Identification of a Protein Captured on the SPRi Biochip, by In Situ Proteolytic Digestion and Sequencing by MALDI-MS/MS Tandem Mass Spectrometry

(52) This example is a presentation of a proteomic analysis by MALDI-MS and MALDI-MS/MS carried out after a SPRi experiment. The sequencing of peptides formed by the in situ proteolysis of a specifically retained protein makes it possible to unambiguously determine the identity thereof, the experiment being carried out on a biochip of the type PEO-NHS self-assembled monolayer at the gold surface.

(53) This example therefore relates to the in-line sequencing of peptides by MALDI-MS/MS following the capture of a protein by the immobilized antibody during the SPRi analysis, and in situ tryptic digestion on the functionalized support according to the invention.

(54) This experiment illustrates the possibility of identifying a protein specifically retained following an in-line SPRi-tryptic treatment—MALDI-MS and MALDI-MS/MS coupling. The example serving to illustrate the principle concerns the interaction between ovalbumin and the anti-ovalbumin antibody immobilized on the functionalized surface (cf. FIG. 6).

(55) The immobilization of the anti-ovalbumin antibody on the surface (prepared according to example 1) and then the interaction of the ovalbumin with the anti-ovalbumin antibody is monitored by SPRi. The ovalbumin (200 μl, 100 μg/ml) is injected at the flow rate of 50 μl/min. Once the SPRi data have been recorded, the biochip is removed from the SPR instrument and then dried. The amount of ovalbumin retained is ˜29 pg/mm.sup.2 on the anti-ovalbumin antibody spots. The proteolysis is carried out in situ by depositing trypsin (0.5 μg/spot) and incubating the chip for 1 h at ambient temperature. The proteolysis reaction medium is maintained by adding, to the spots, twice 1 μl of 0.1 M ammonium acetate buffer, pH 8 (trypsin dilution buffer) every 20 minutes. MALDI-MS and MALDI-MS/MS mass spectra are then recorded from the surface of the same biochip (laser intensity 4900; acceleration voltage Source 1: 8 kV; collision cell 7 kV; Source 2: 15 kV). The chosen MALDI matrix is HCCA [-cyano-4-hydroxycinnamic acid], at 10.sup.−1 M in 50/50 water/acetonitrile 0.1% TFA. The MALDI-MS mass spectra obtained show various signals, among which 9 peptides correspond to the ovalbumin digestion products (m/z 1345.73; 1555.72; 1571.71; 1581.72; 1597.71; 1687.83; 1773.89; 1858.96; 2008.94). Among these ions, the most abundant three were selected for MS/MS experiments (m/z 1555.7; 1687.8 and 1773.9). The fragment ions obtained from each of these peptides made it possible to identify, using the MASCOT software well known to those skilled in the art (http://www.matrixscience.com), the following peptide sequences:

(56) TABLE-US-00001 m/z 1555.7: (SEQ ID NO: 2) AFKDEDTQAMPFR; m/z 1687.8: (SEQ ID NO: 3) GGLEPINFQTAADQAR; and m/z 1773.9: (SEQ ID NO: 4) ISQAVHAAHAEINEAGR.

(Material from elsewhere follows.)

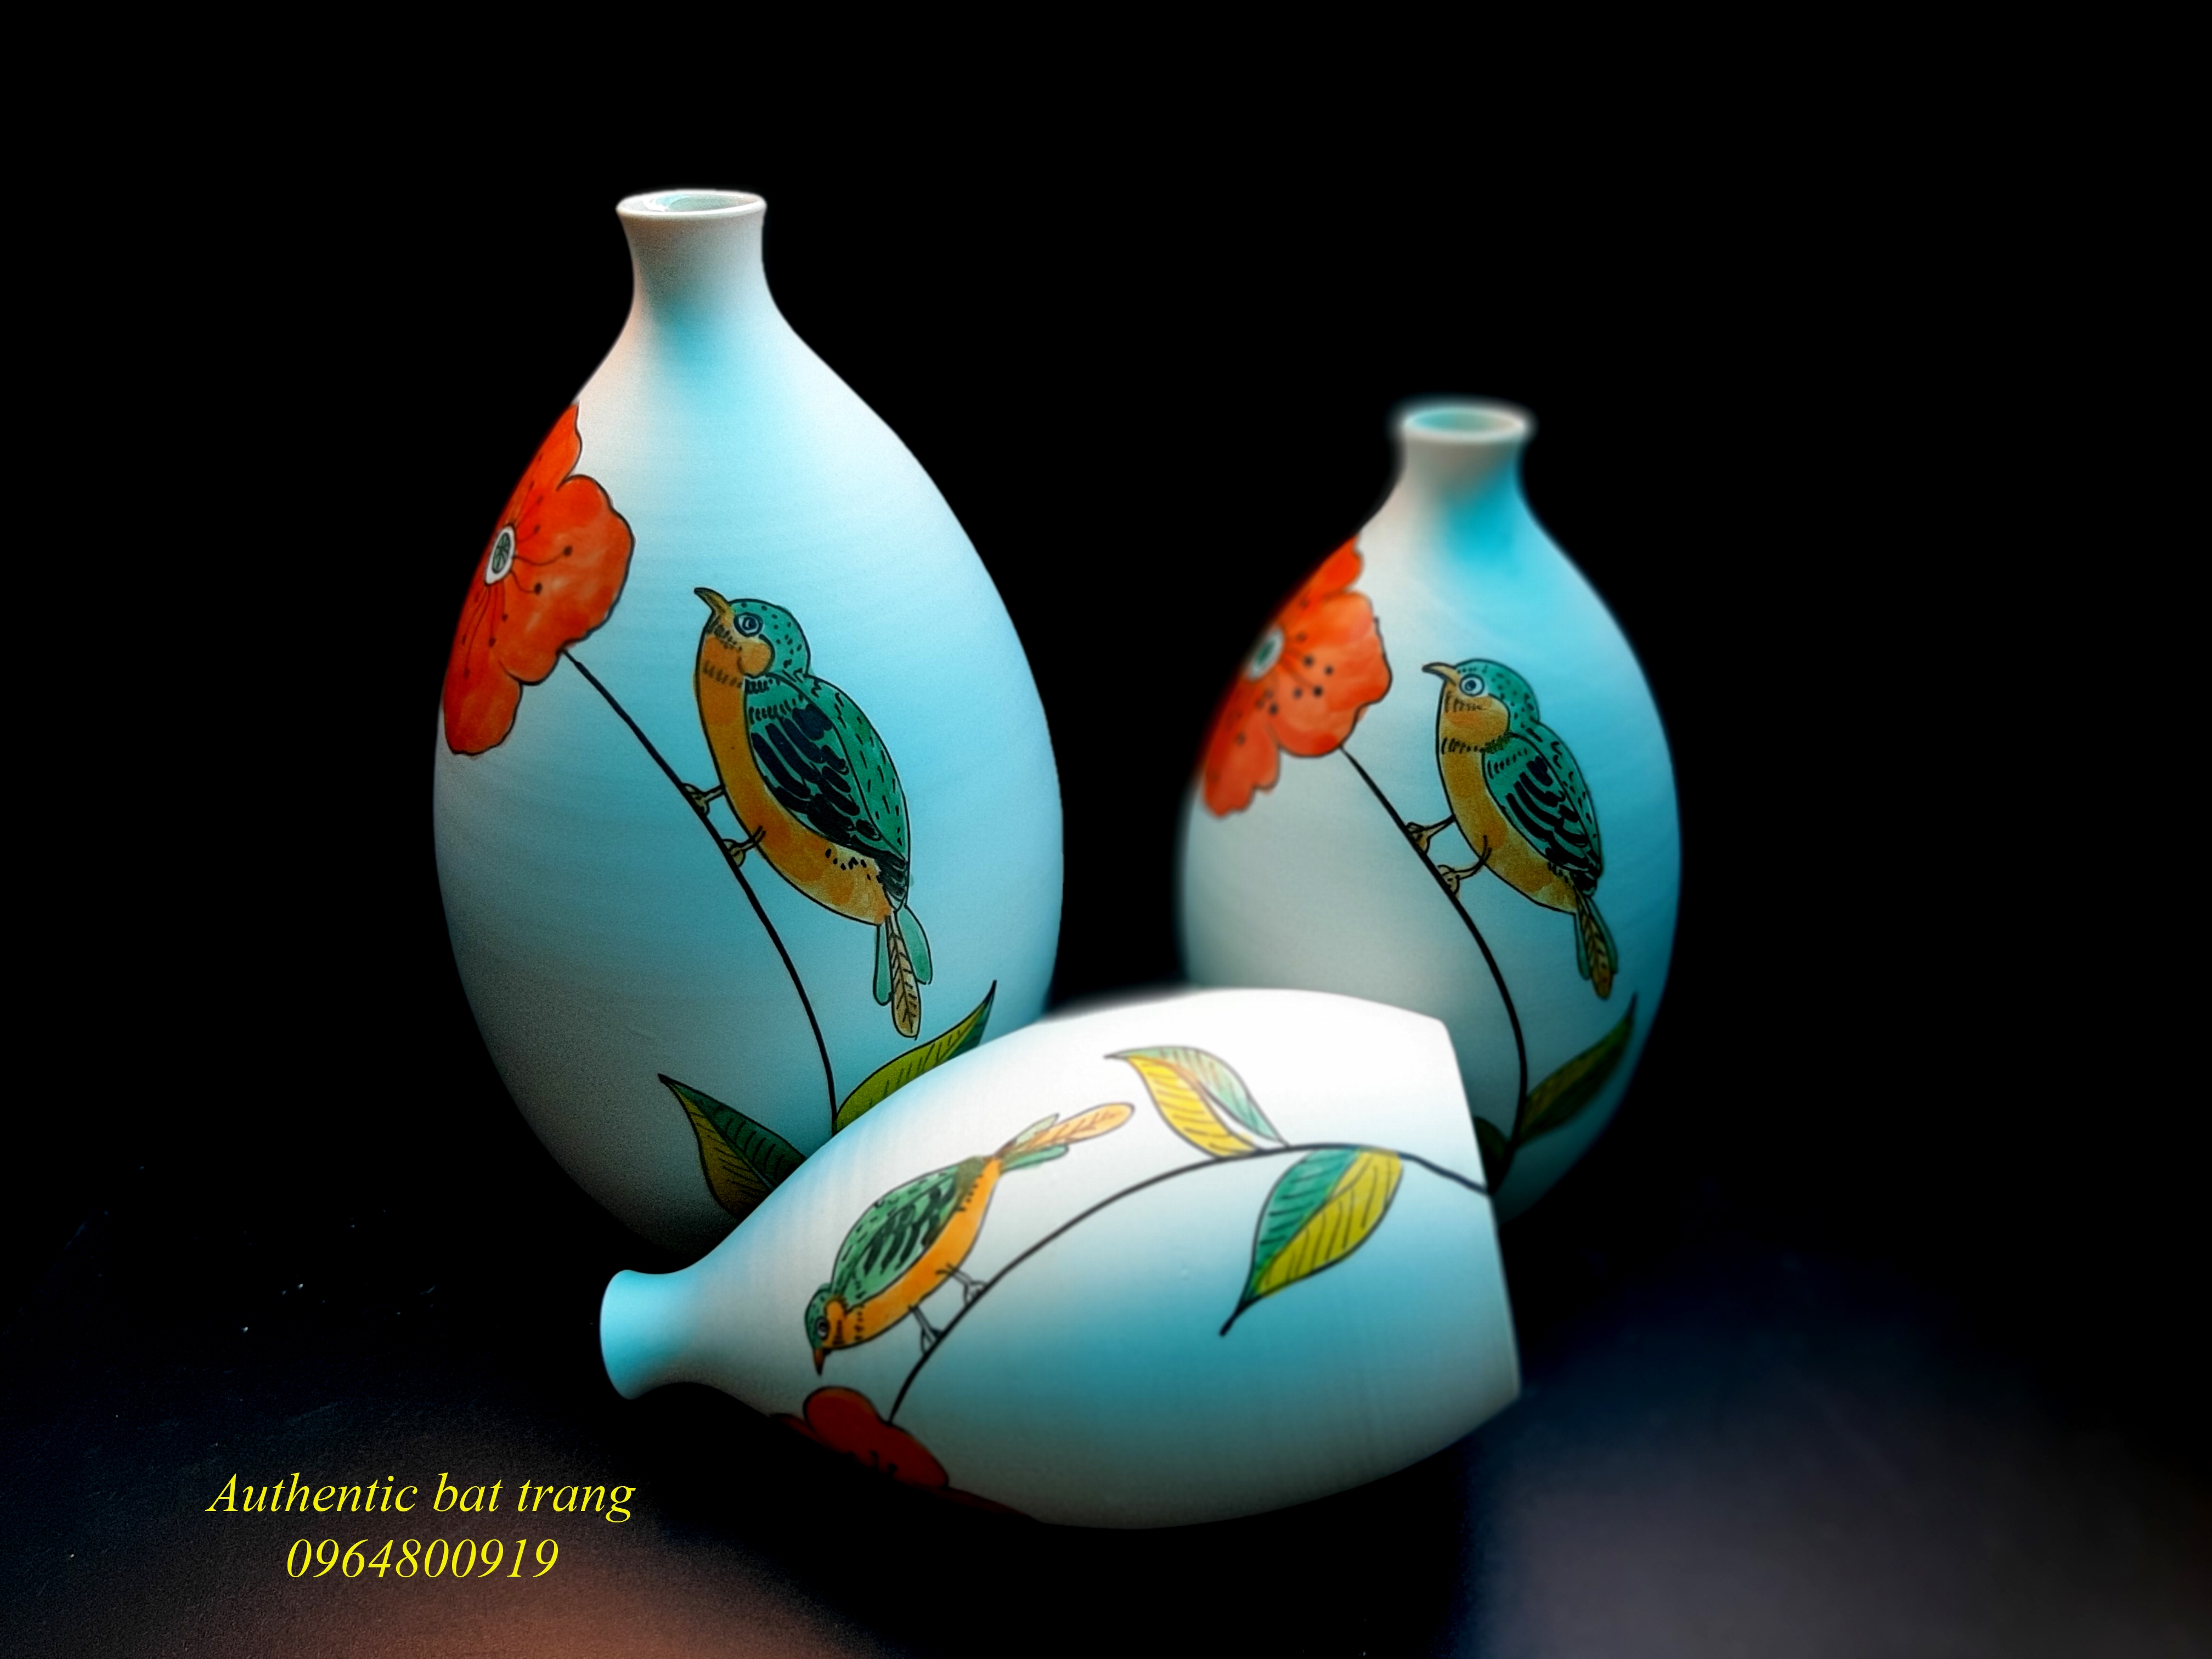 Ceramics vase set/Bộ bình gốm trang trí nhà cửa hàng thủ công vẽ tay sản xuất tại xưởng gốm Authentic bat trang

(57) A data bank (SwissProt 56.2) search using the MASCOT software makes it possible to accurately identify, on the basis of these three peptide sequences, the protein specifically retained on the spots (cf. FIG. 6). The ovalbumin is identified unambiguously (Mowse score 145, sequence coverage 11%).

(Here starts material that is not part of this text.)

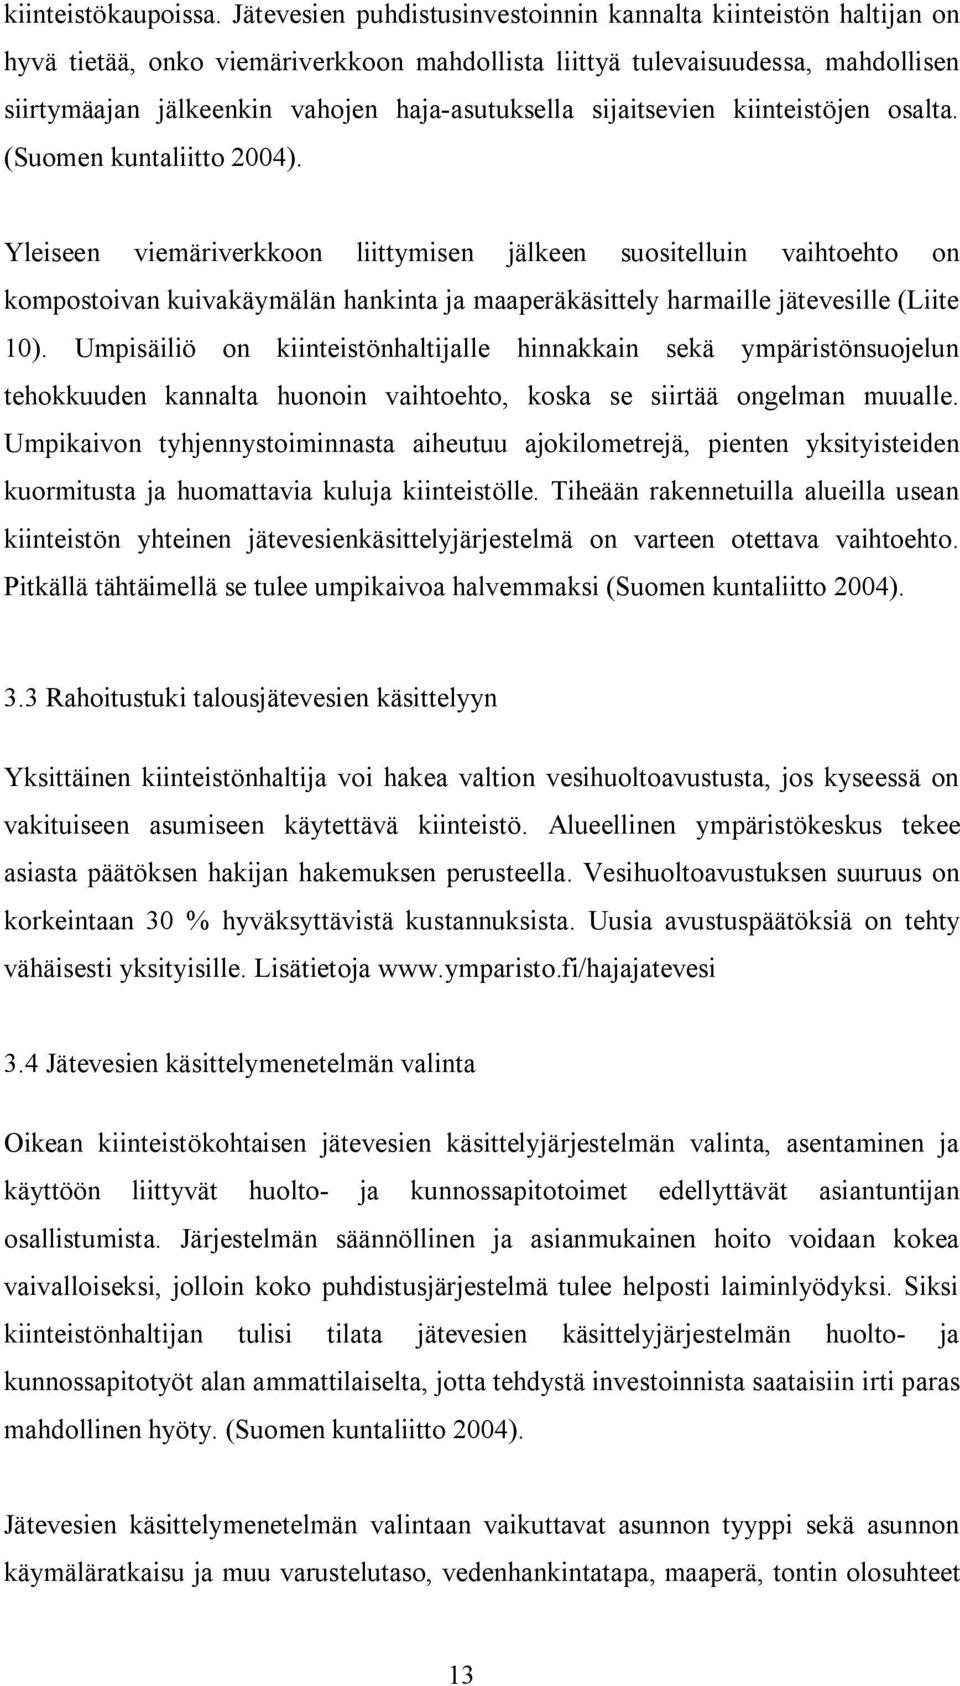 sijaitsevien kiinteistöjen osalta. (Suomen kuntaliitto 2004).

(58) According to an identical approach, this SPRi-MALDI-MS/MS analysis was repeated with another protein, β-lactoglobulin, specifically retained by anti-β-lactoglobulin antibodies grafted onto the biochip, and then digested directly on the biochip. Eight peptides derived from the digestion were identified by MALDI-MS. On the basis of two of them (m/z 2313.27 and m/z 2707.3), MS/MS experiments followed by a data bank (SwissProt 56.2) search made it possible to identify the corresponding two peptide sequences (VYVEELKPTPEGDLEILLQK (SEQ ID NO:5) and VAGTWYSLAMAASDISLLDAQSAPLR (SEQ ID NO:6), respectively) and, consequently, the protein retained with a Mowse score of 120 (sequence coverage 25%).